The broader impact/commercial potential of this Small Business Innovation Research (SBIR) Phase I project is to accelerate the development of vaccines and anti-virals with artificial intelligence (AI) techniques. This project will develop technology to detect changes in virus-infected cells days or weeks before they can be detected manually. This will accelerate studies for novel anti-viral compounds characterizing their effectiveness on rapidly mutating viral strains, such as influenza and SARS-CoV-2. This will impact COVID-19 research and general virology.

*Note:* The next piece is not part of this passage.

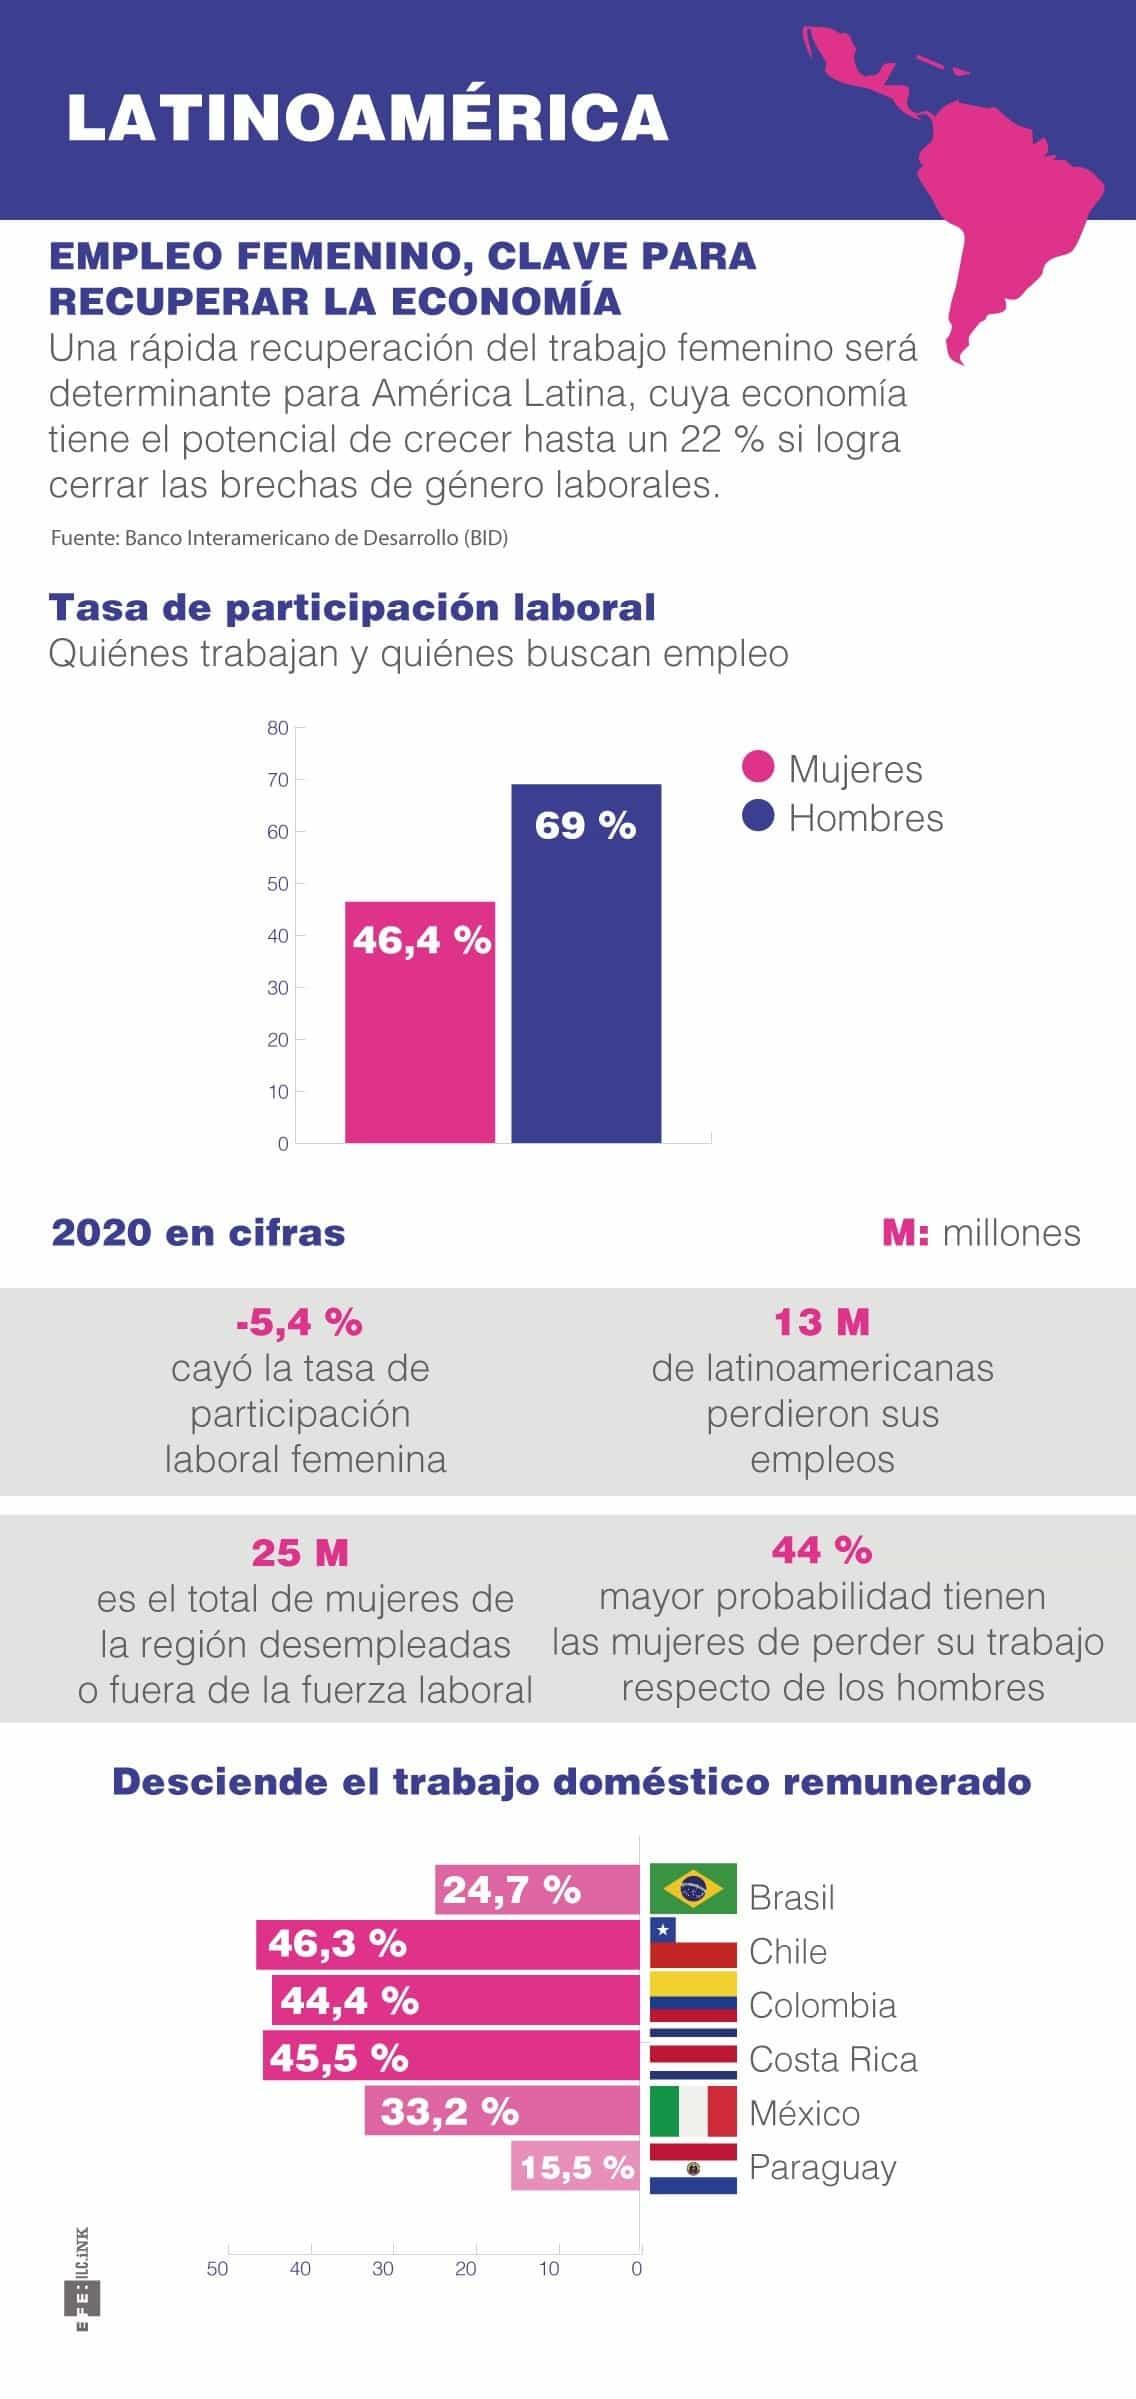 [Infografía] Latinoamérica empleo femenino, clave para recuperar la economía 1

This SBIR Phase I project will investigate AI techniques to accelerate testing of anti-viral agents in plaque assays for the development of vaccines and anti-virals. These assays measure the number of infectious viral particles in a sample by observing the effects of infection on a culture of susceptible cells. Currently, the assay takes 2-14 days because several rounds of infection are necessary to ensure an accurate reading. This project will advance AI techniques to automatically detect infected cells in microscopy images without human intervention or time-consuming preparations, thereby increasing the throughput for these assays. To achieve this goal, this project will: 1) Collect a time-course of microscopy images of infected cell cultures for training an AI model to measure virus infections automatically on large cell culture plates; 2) Investigate microscopy image acquisition approaches with respect to ease of integration in existing workflows and image quality; 3) Evaluate the suitability of various AI techniques; 4) Determine the detection accuracy and compare it with traditional assays.

This award reflects NSF's statutory mission and has been deemed worthy of support through evaluation using the Foundation's intellectual merit and broader impacts review criteria.